ויויאן אדן, ילידת ארה”ב. תושבת ירושלים זה שנים רבות. בעלת תואר דוקטור לספרות השוואתית. לימדה אנגלית, תרגום ותיאטרון במסגרות אקדמיות ואחרות ופעלה לבסס את פסטיבל המשוררים הבינלאומי במשכנות שאננים, ירושלים, כאירוע מרכזי בעולם השירה. כיום היא חברת צוות עיתון הארץ באנגלית. ספרה “משני הצדדים” (מקור אנגלי ושלל תרגומים) יצא לאור בסדרת “כבר” לשירה בסוף שנת 2008.

On writing

Recently I was asked to edit or provide new versions for literal translations – sketches, really – of a number of quotes from poems by Natan Zach, to be cited in a prose article about some other subject.

So I did. Then I compared “before” with “after” — the literal translations with the new translations, just to see what happened. Here are some notes from the work on  “The Casino at Bat Galim” in Anti-Mechikon (Hard to Remember), Hakibbutz Hameuchad, 1984

BEFORE

What used to be here once upon a time, whole and fixed and beautiful

For youth in a shorecity on the seashore, an installation, in today’s language

Where people laughed and swam […]

AFTER

What once was whole here, repaired and fit

For youth in a seaside city on a beach, a facility, in today’s language

Where people laughed and swam […]

RATIONALE

“Once upon a time” introduces a fairy tale element doesn’t belong here. The poem deals with memory, not fantasy.

The phrase yaffeh le… is “appropriate, suited to, fit for” – rather than “beautiful,” the common meaning when the word stands alone.

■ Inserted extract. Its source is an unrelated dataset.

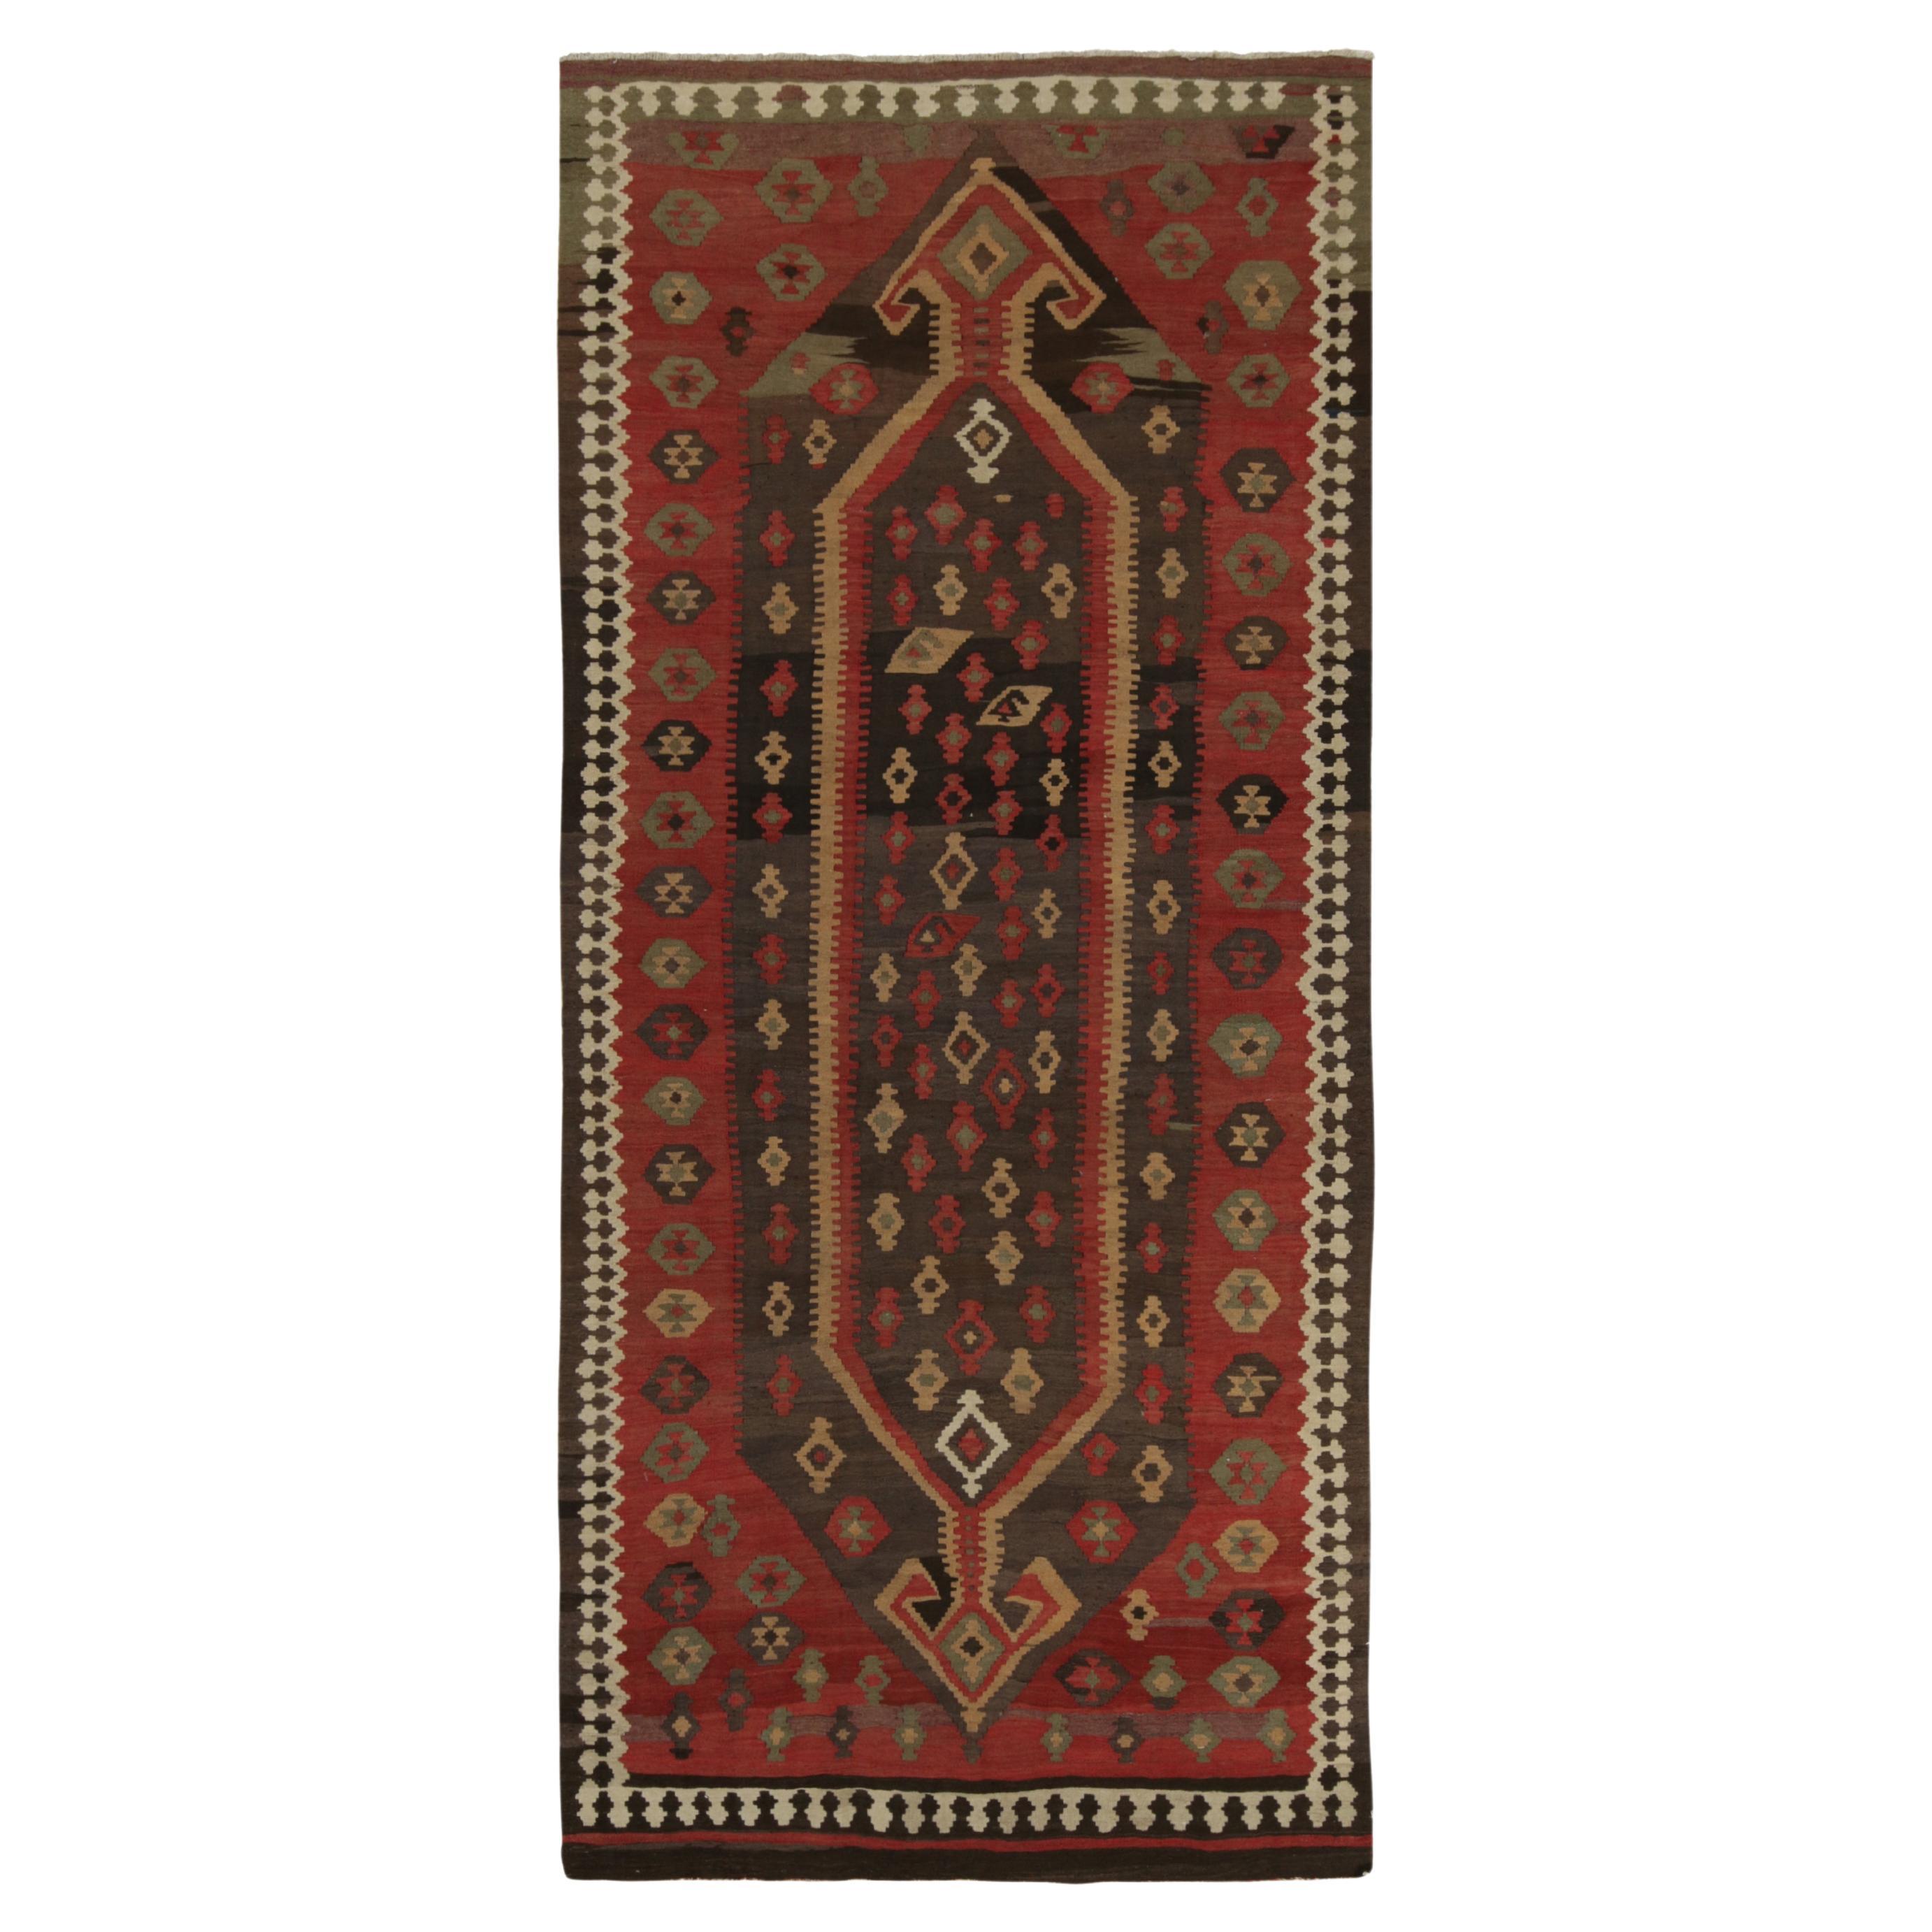 Vintage Shahsavan Persian Kilim in Red and Brown Patterns by Rug & Kilim For Sale

“A shorecity on the seashore” isn’t something anyone would ever say in English. “Installation” as a translation of mitkan means a three-dimensional art piece that isn’t necessarily functional; “facility” applies to something that is (was) actually used, like the Bat Galim Casino..

BEFORE

Even pain will not restore what has been decreed lost

AFTER

What is fated to be lost, not even pain will help endure

RATIONALE

In the Hebrew poem, the sentence begins with the direct object of what won’t be helped (“What is fated to be lost”).  This placement gives the direct object greater weight than the subject of the sentence (“pain”). Loss is worse or at any rate more important than pain here. I prefer “fated” to “decreed” for its assonance with “pain.”